Comment 9 Ihar Hrachyshka 2024-10-14 14:11:26 UTC
Greg, I provided a known issue text. Please adjust if needed.

---

The current plan for the issue is:

1. Docs.

a) deliver the Known Issue (with proposed workarounds) to 17.1.x customers.
b) add a KCS on how and when to enable OVNEmitNeedToFrag.
c) update https://docs.redhat.com/en/documentation/red_hat_openstack_platform/17.1/html-single/overcloud_parameters/index#ref_networking-neutron-parameters_overcloud_parameters so that it does NOT claim that OVNEmitNeedToFrag is for "host kernel (version >= 5.2)" because it's not valid for RHEL kernel that has extensive backports to older versions. In reality, all RHEL8/9 kernels support this feature.

2. 17.x.
a) backport the fix to flip the default for ovn_emit_need_to_frag to True in neutron.
b) set default for tripleo OVNEmitNeedToFrag to True in wallaby.

3. 18.x.
a) backport the fix to flip the default for ovn_emit_need_to_frag to True in neutron.
b) set ovn_emit_need_to_frag=True in neutron-operator default config template.
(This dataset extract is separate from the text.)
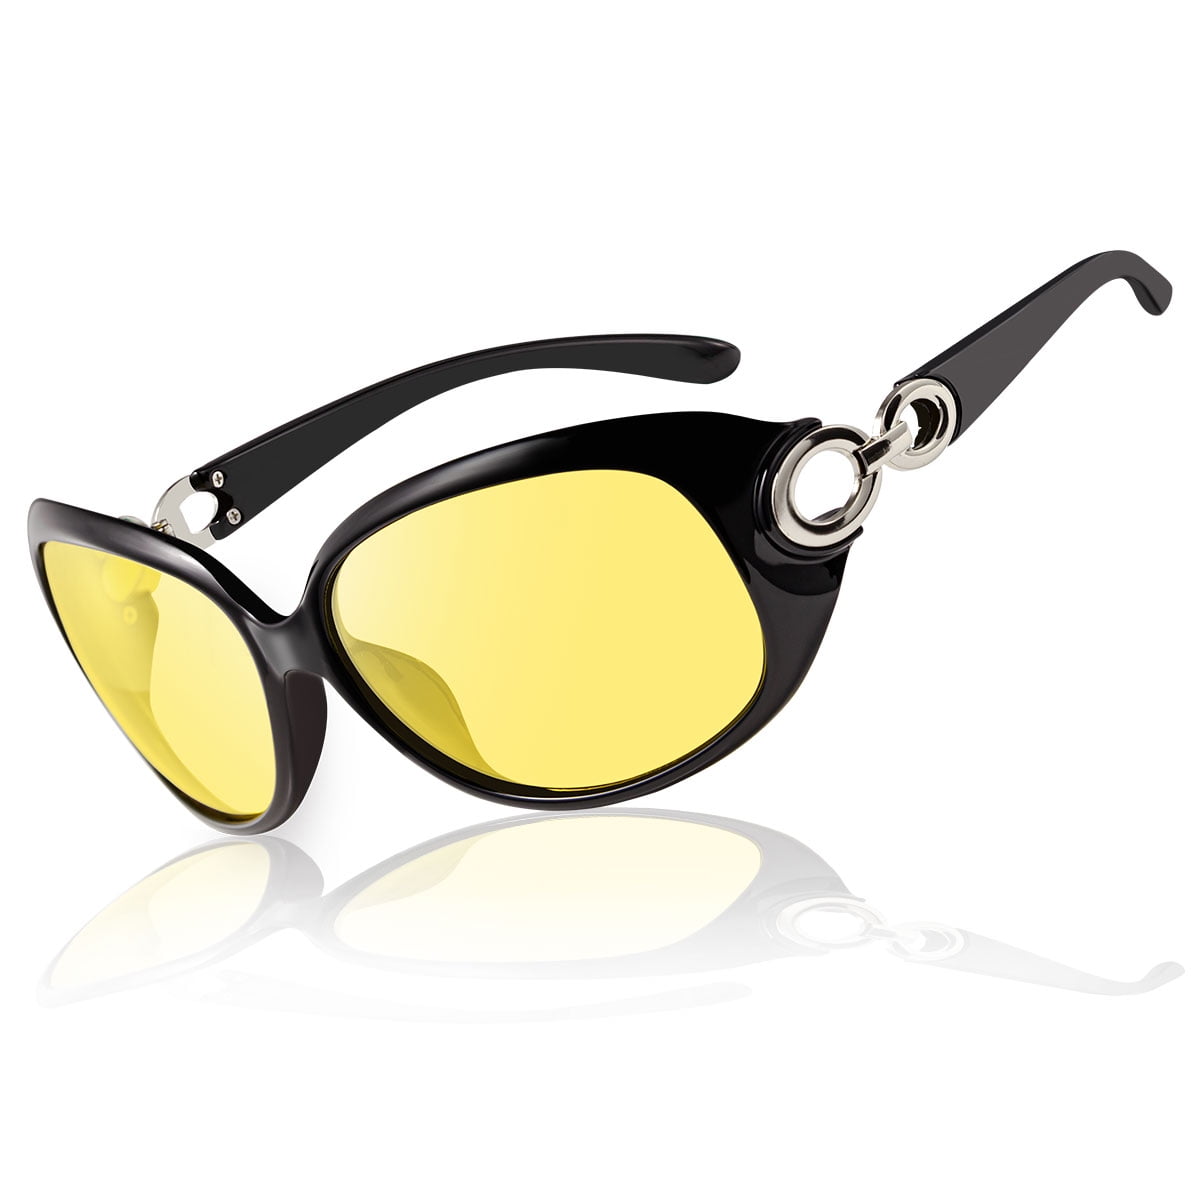 Bloomoak Night Driving Glasses for Women, Oversized Polarized Fashion ...

Comment 10 Ihar Hrachyshka 2024-10-14 14:21:55 UTC
This bz will be used for the following from the plan above:

```
2. 17.x.
a) backport the fix to flip the default for ovn_emit_need_to_frag to True in neutron.
```

The rest will get their own bzs / jiras.

Comment 11 Ihar Hrachyshka 2024-10-14 14:30:57 UTC
Final tally:

1. docs: known issue doc text updated in this bz; kcs request: https://bugzilla.redhat.com/show_bug.cgi?id=2318544 ; fix OVNEmitNeedToFrag description in docs: https://bugzilla.redhat.com/show_bug.cgi?id=2318545
2. neutron backport: this BZ; tripleo enable by default: https://bugzilla.redhat.com/show_bug.cgi?id=2318546
3. 18.x Jira to enable it in operator and in neutron: https://issues.redhat.com/browse/OSPRH-10684

Comment 12 Ihar Hrachyshka 2024-10-14 14:34:52 UTC
I'm moving this to NEW since the backport was not posted. I also unassign myself to give a chance to the team to consider it for planning / someone else to pick it up.